START Record excerpts

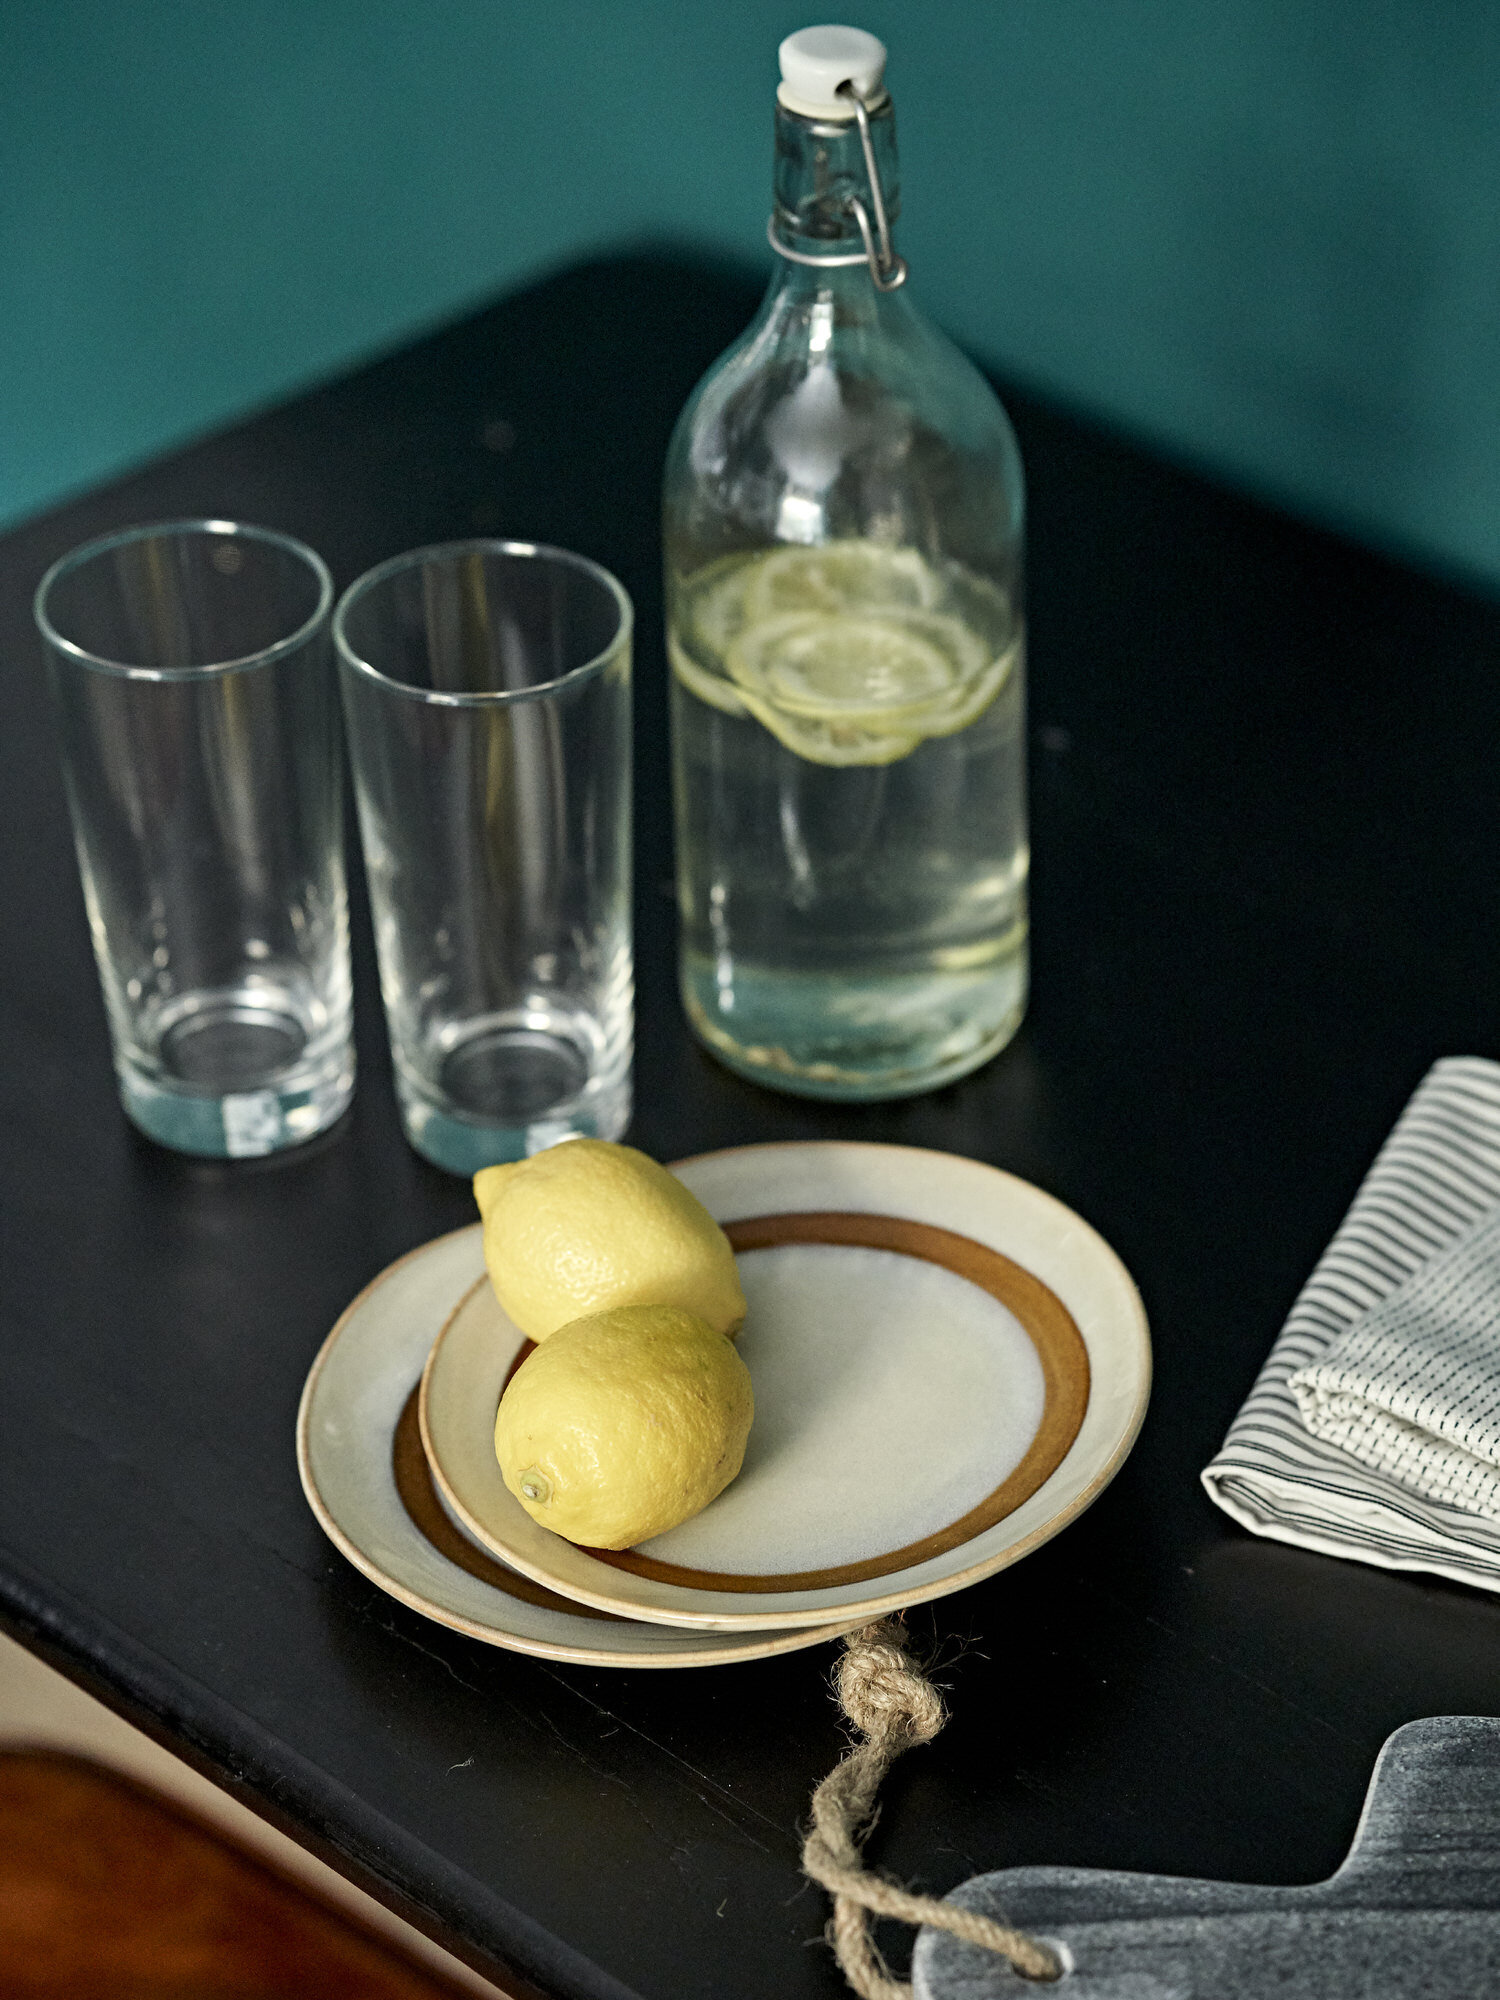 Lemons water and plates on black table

END Record excerpts
START Record excerpts

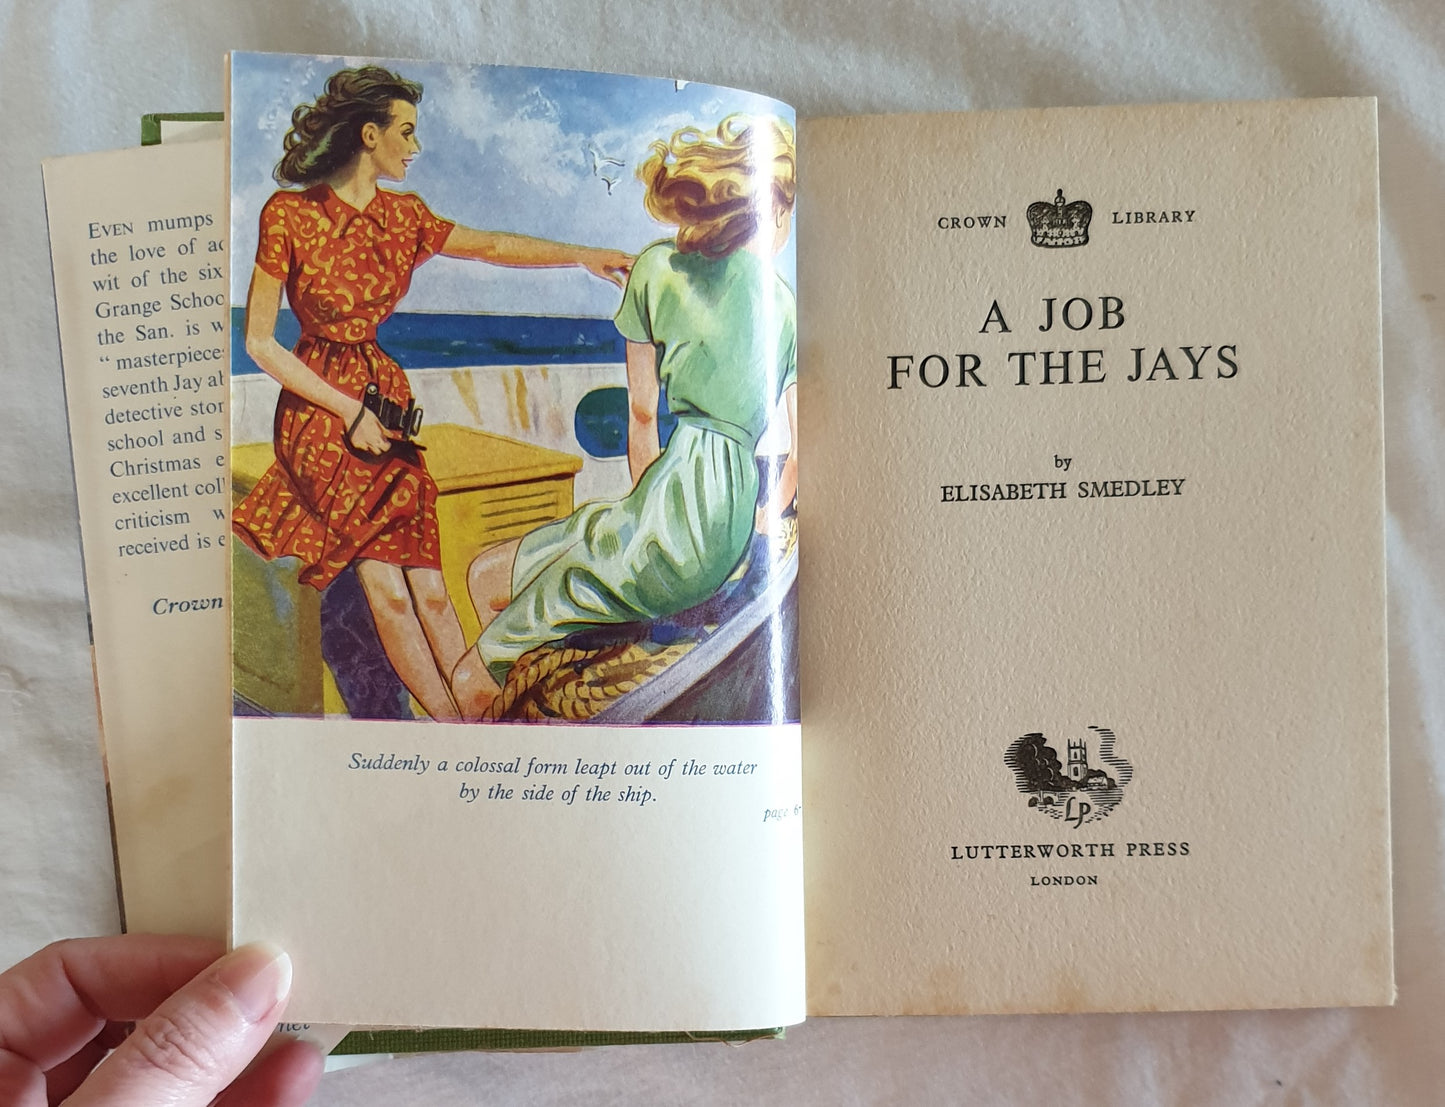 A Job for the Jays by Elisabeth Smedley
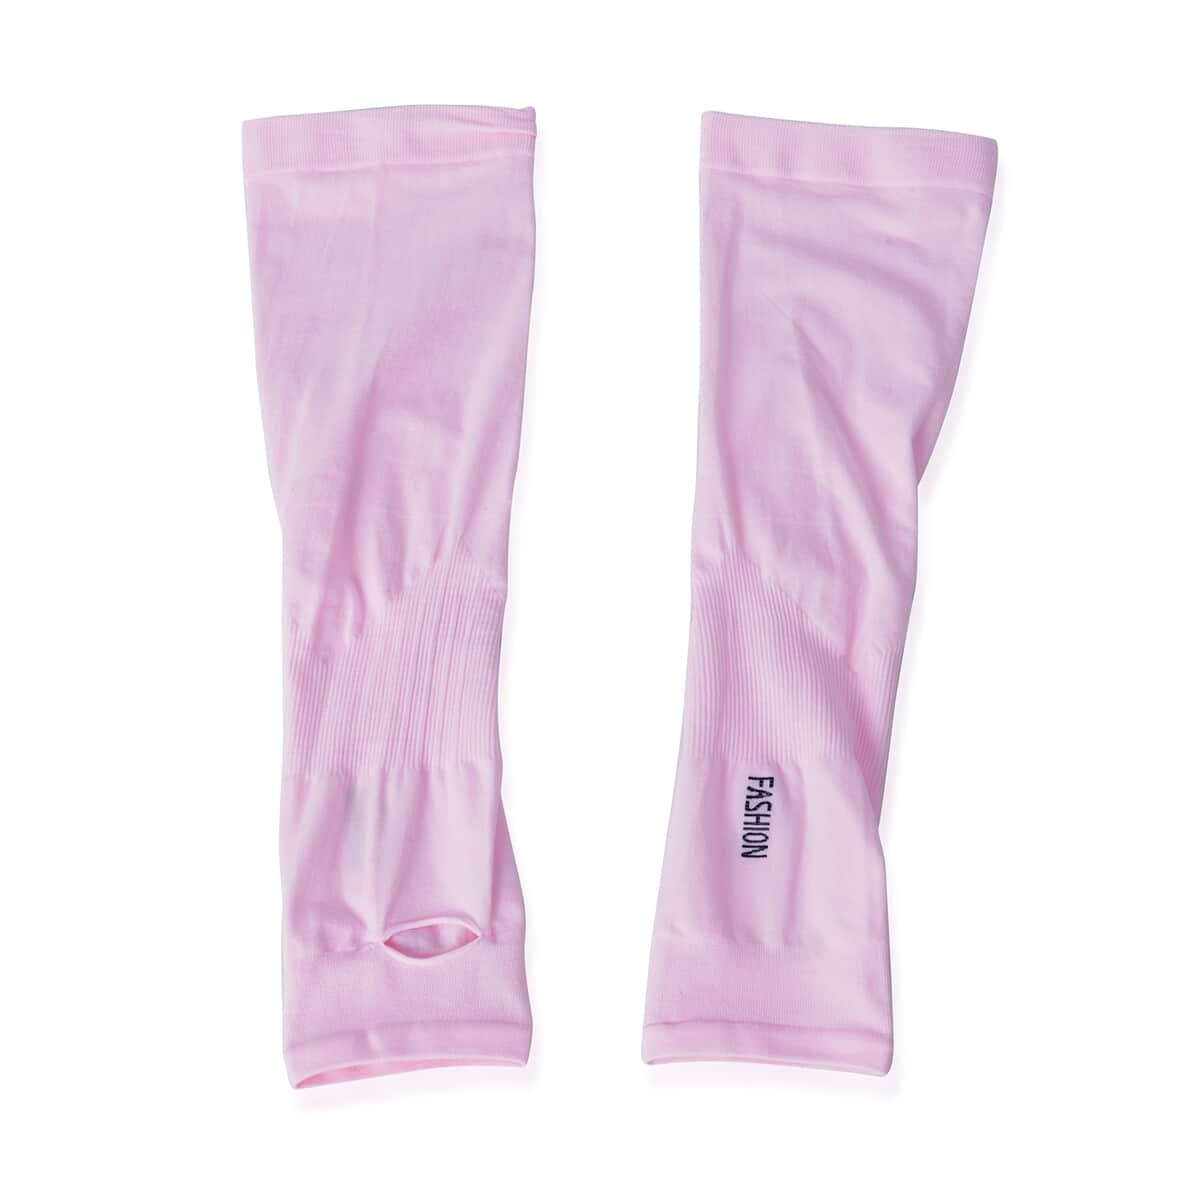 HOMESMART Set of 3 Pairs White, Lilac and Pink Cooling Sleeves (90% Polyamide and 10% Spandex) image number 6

END Record excerpts
START Record excerpts

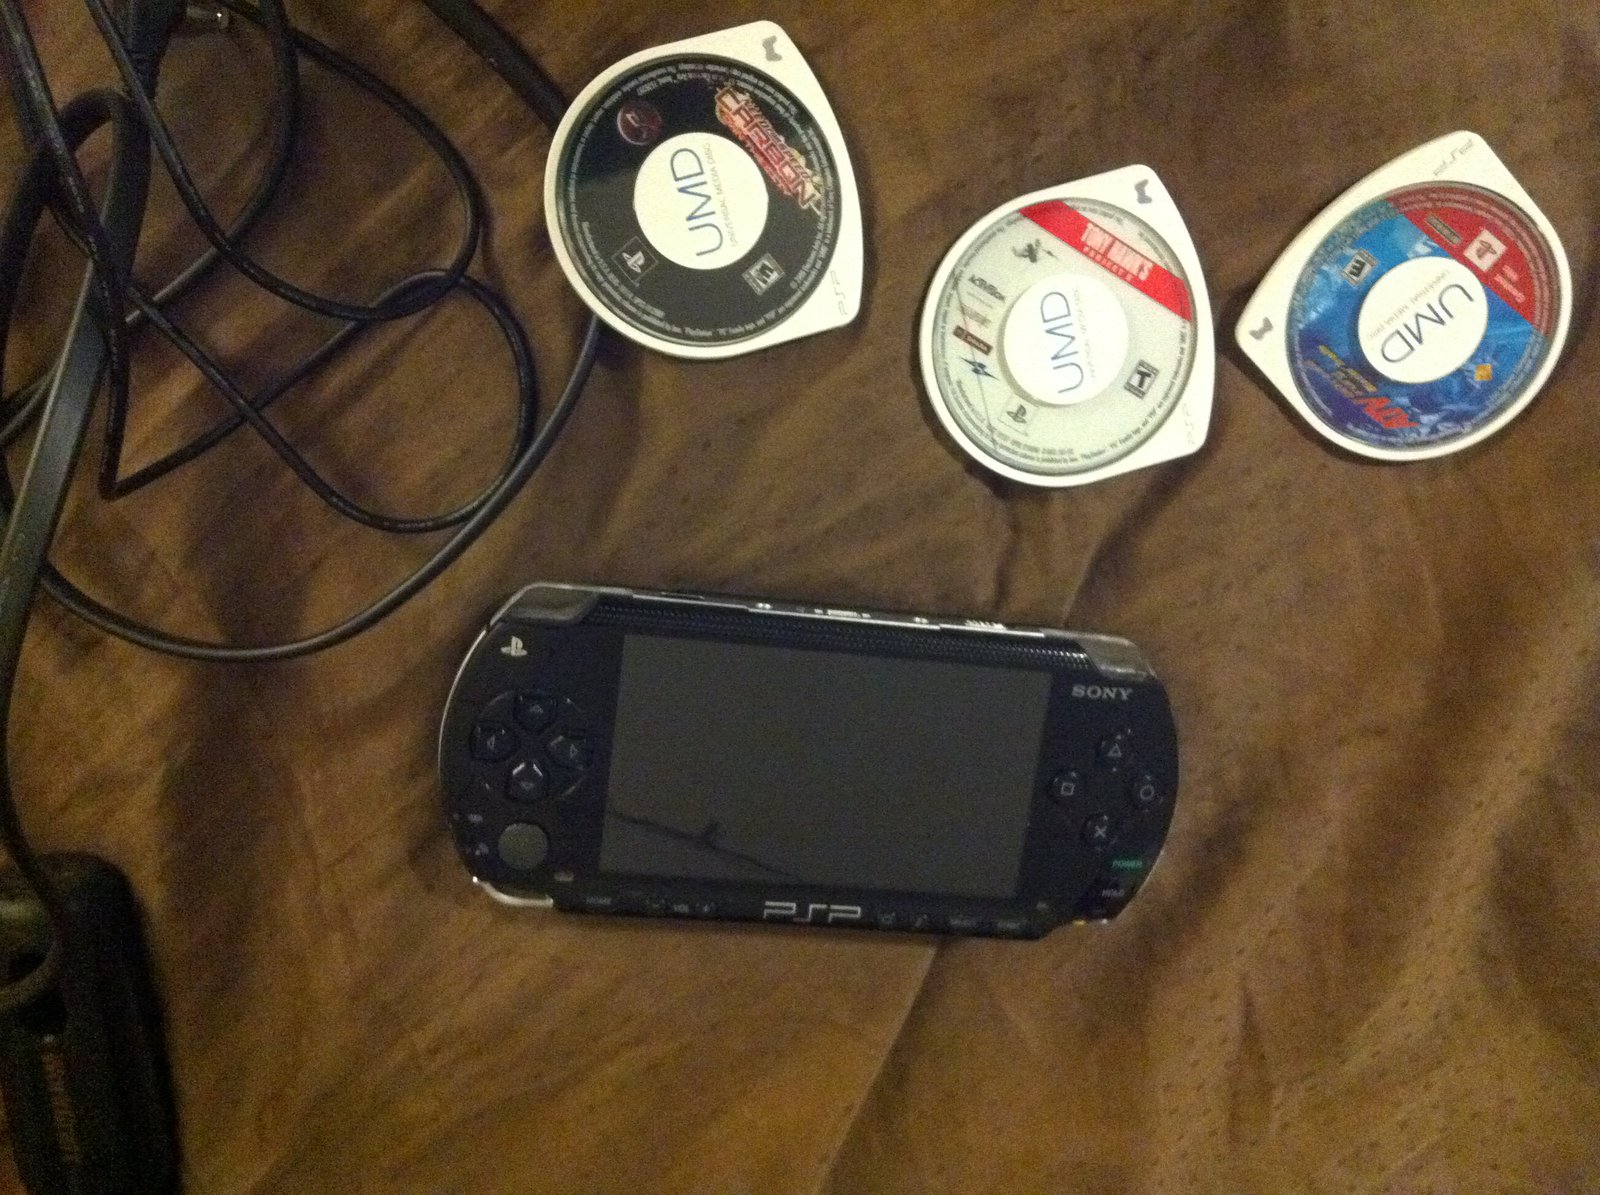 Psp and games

END Record excerpts

**What is expected**
Starting at the line containing "A Job for the Jays by Elisabeth Smedley" and stopping at the line containing "HOMESMART Set of", output each line exactly as it appears above. Leave out the pictures.

**Answer for this exercise**
 A Job for the Jays by Elisabeth Smedley
 HOMESMART Set of 3 Pairs White, Lilac and Pink Cooling Sleeves (90% Polyamide and 10% Spandex) image number 6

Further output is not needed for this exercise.